§ **Dataset content**
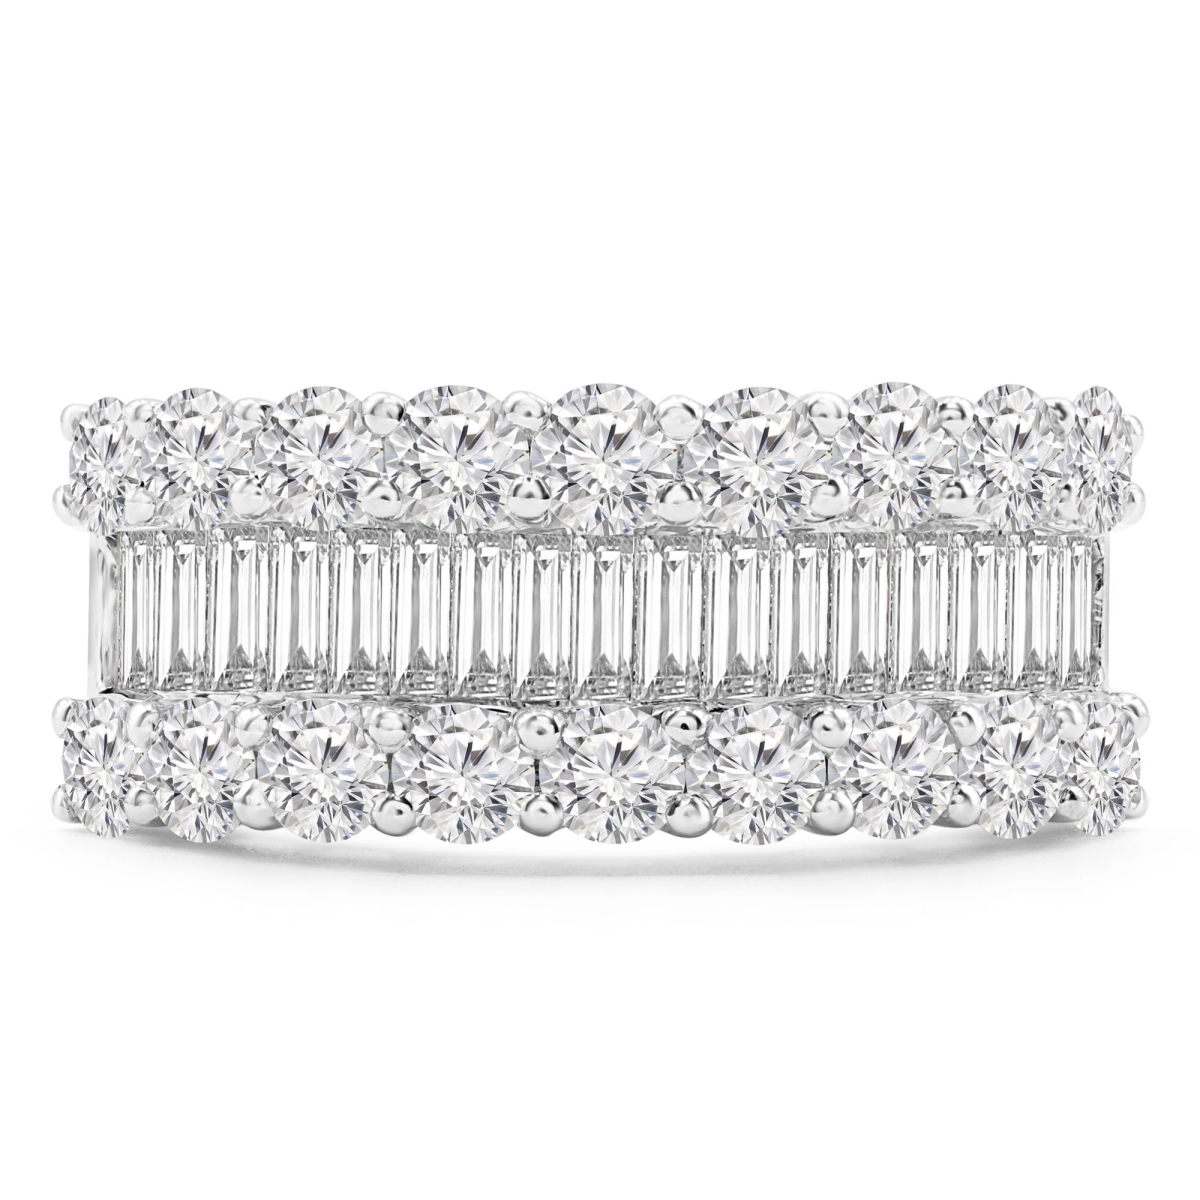 Picture of Majesty Diamonds MD210001-9 2.1 CTW Baguette Diamond Three-Row Cocktail Ring in 18K White Gold - Size 9
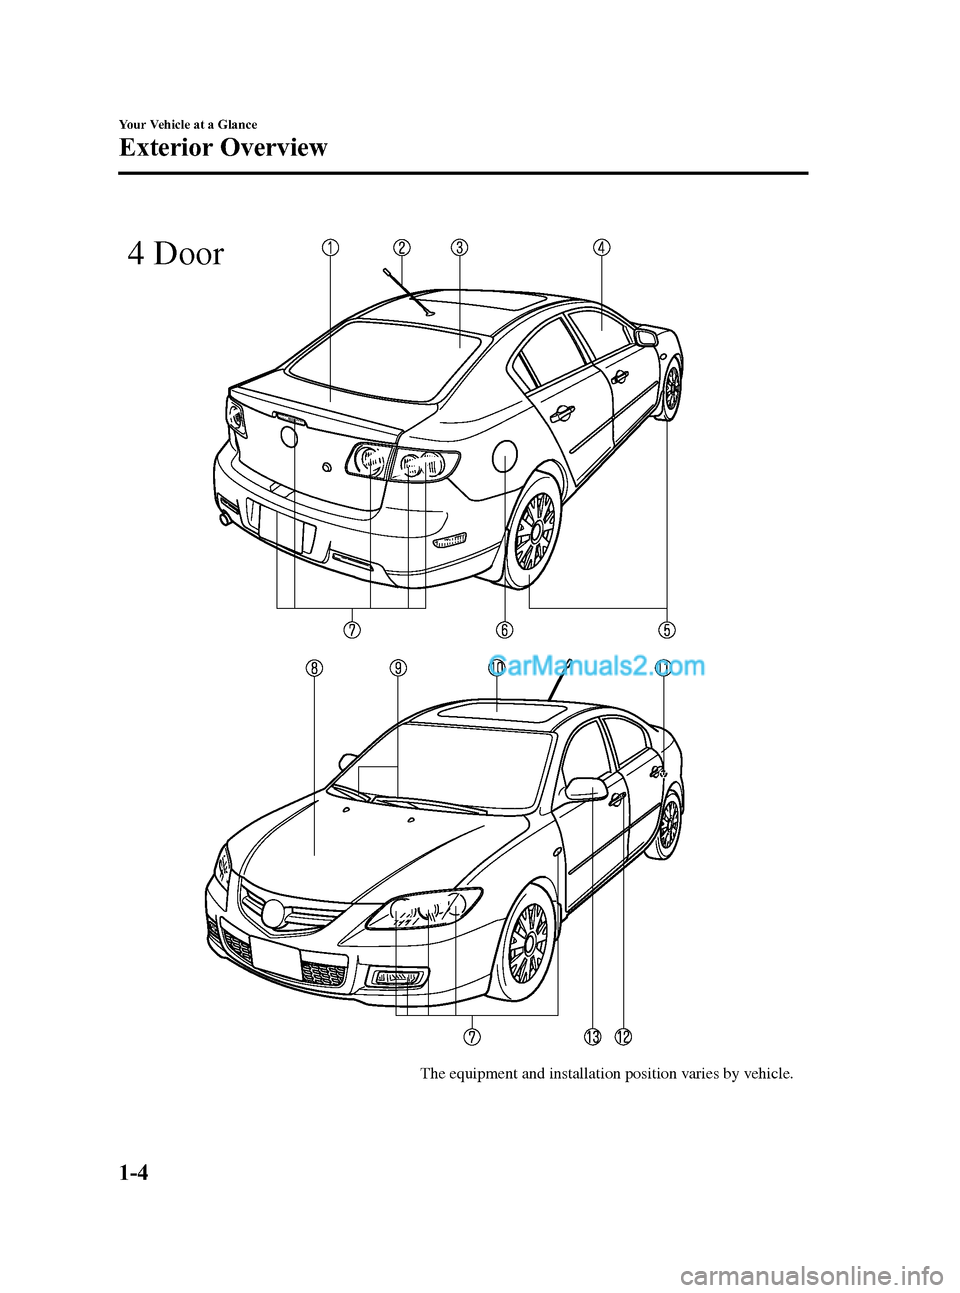 MAZDA MODEL MAZDASPEED 3 2007  Owners Manual (in English) Black plate (10,1)
The equipment and installation position varies by vehicle.
4 Door
1-4
Your Vehicle at a Glance
Exterior Overview
Mazda3_8V66-EA-06F_Edition3 Page10
Wednesday, August 23 2006 11:18 A
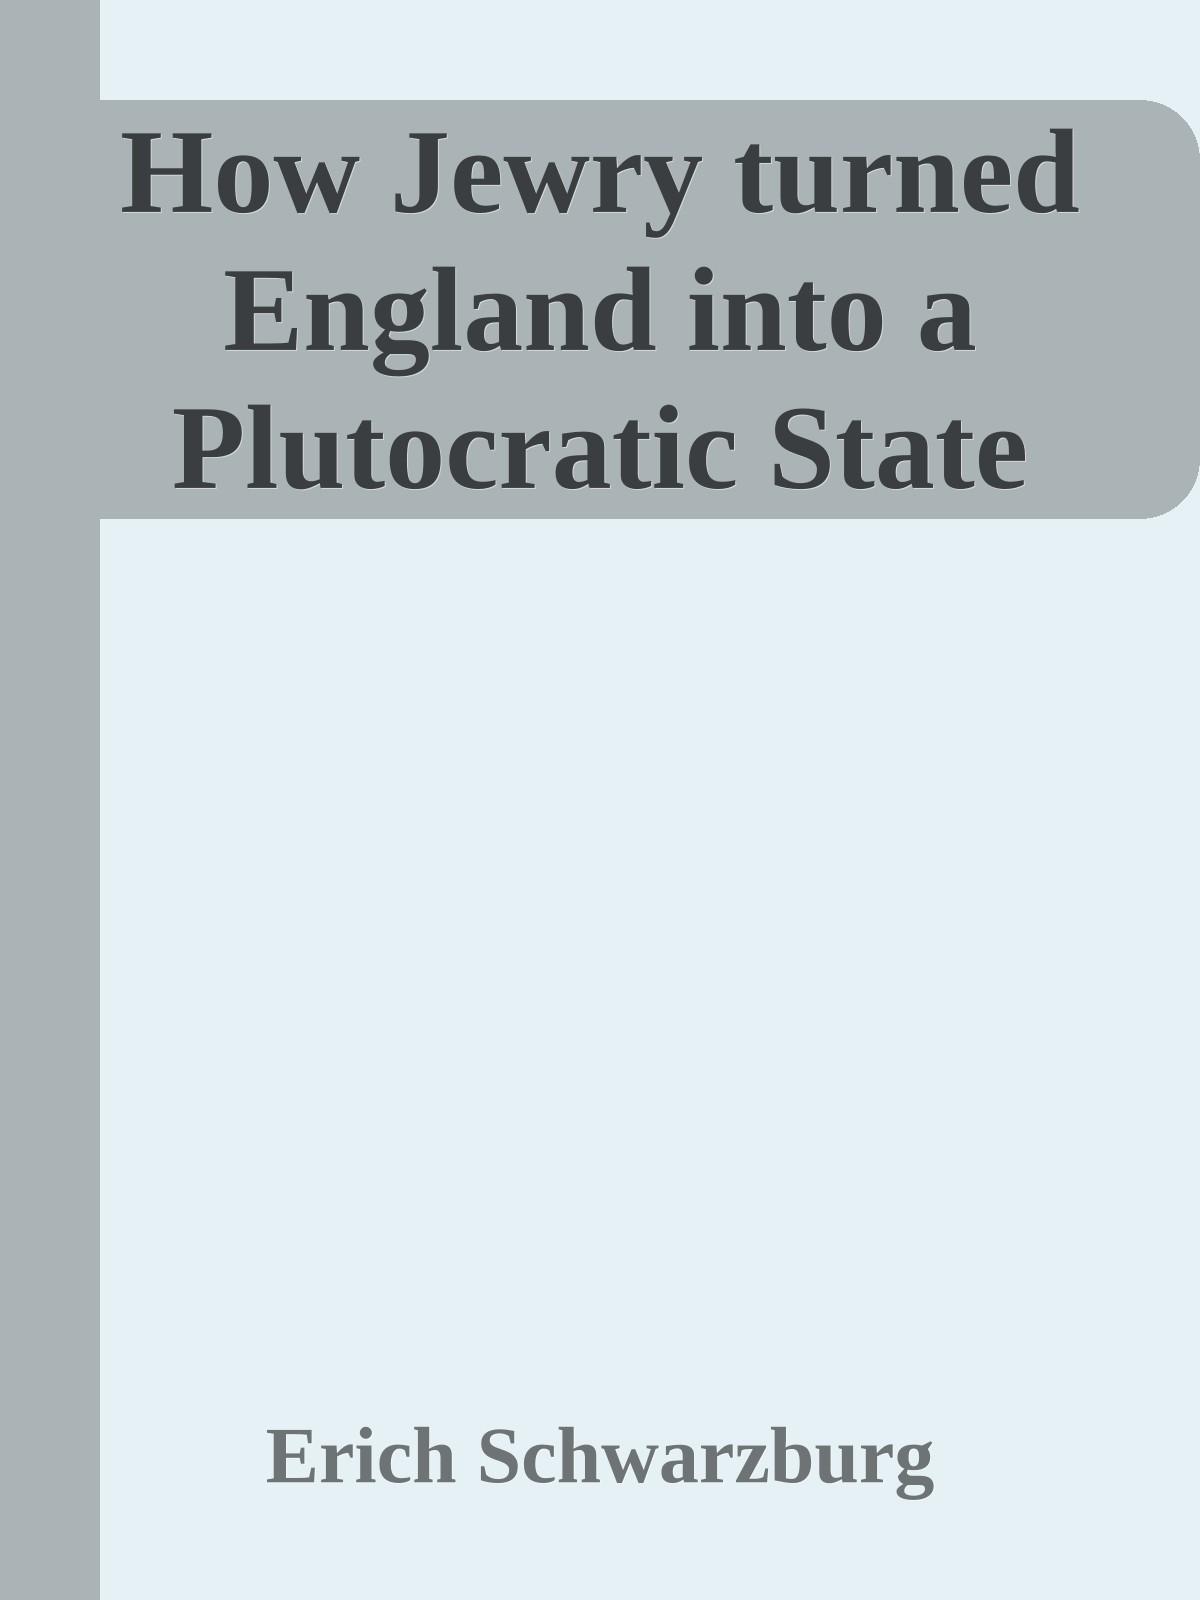 How Jewry turned England into a Plutocratic State (1940) by Erich Schwarzburg
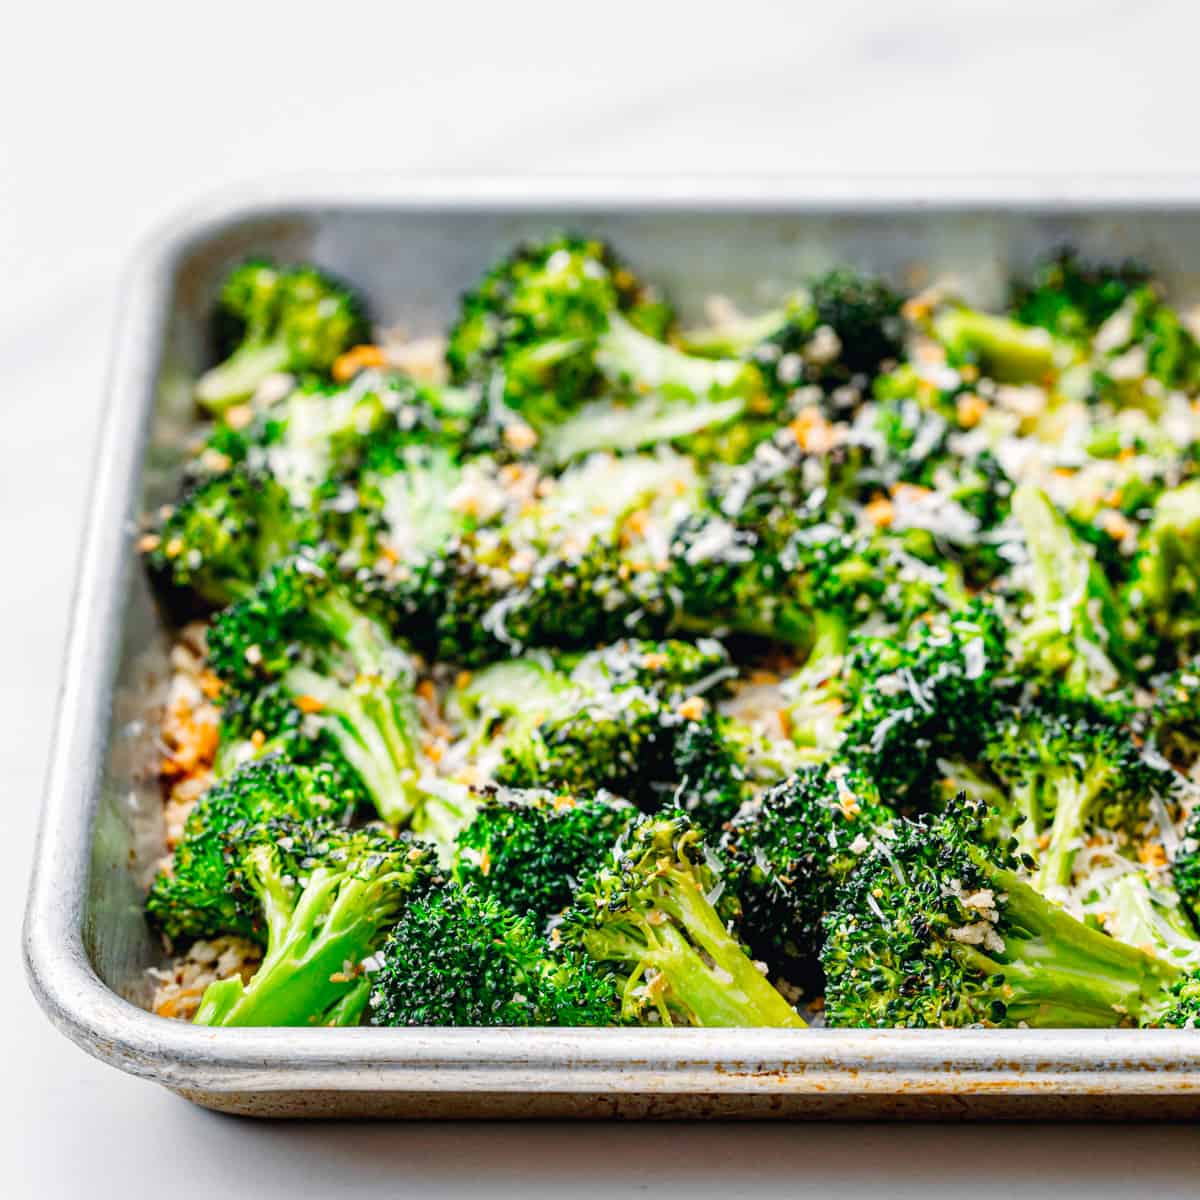 Roasted Broccoli with Panko Breadcrumbs and Parmesan.

§ **Exercise**
Working from the line with "Mazda3_8V66-EA-06F_Edition3 Page10" down through the last line of the records, give every line again exactly, but no pictures.

§ **Response to the exercise**
Mazda3_8V66-EA-06F_Edition3 Page10
Wednesday, August 23 2006 11:18 A
 How Jewry turned England into a Plutocratic State (1940) by Erich Schwarzburg
 Roasted Broccoli with Panko Breadcrumbs and Parmesan.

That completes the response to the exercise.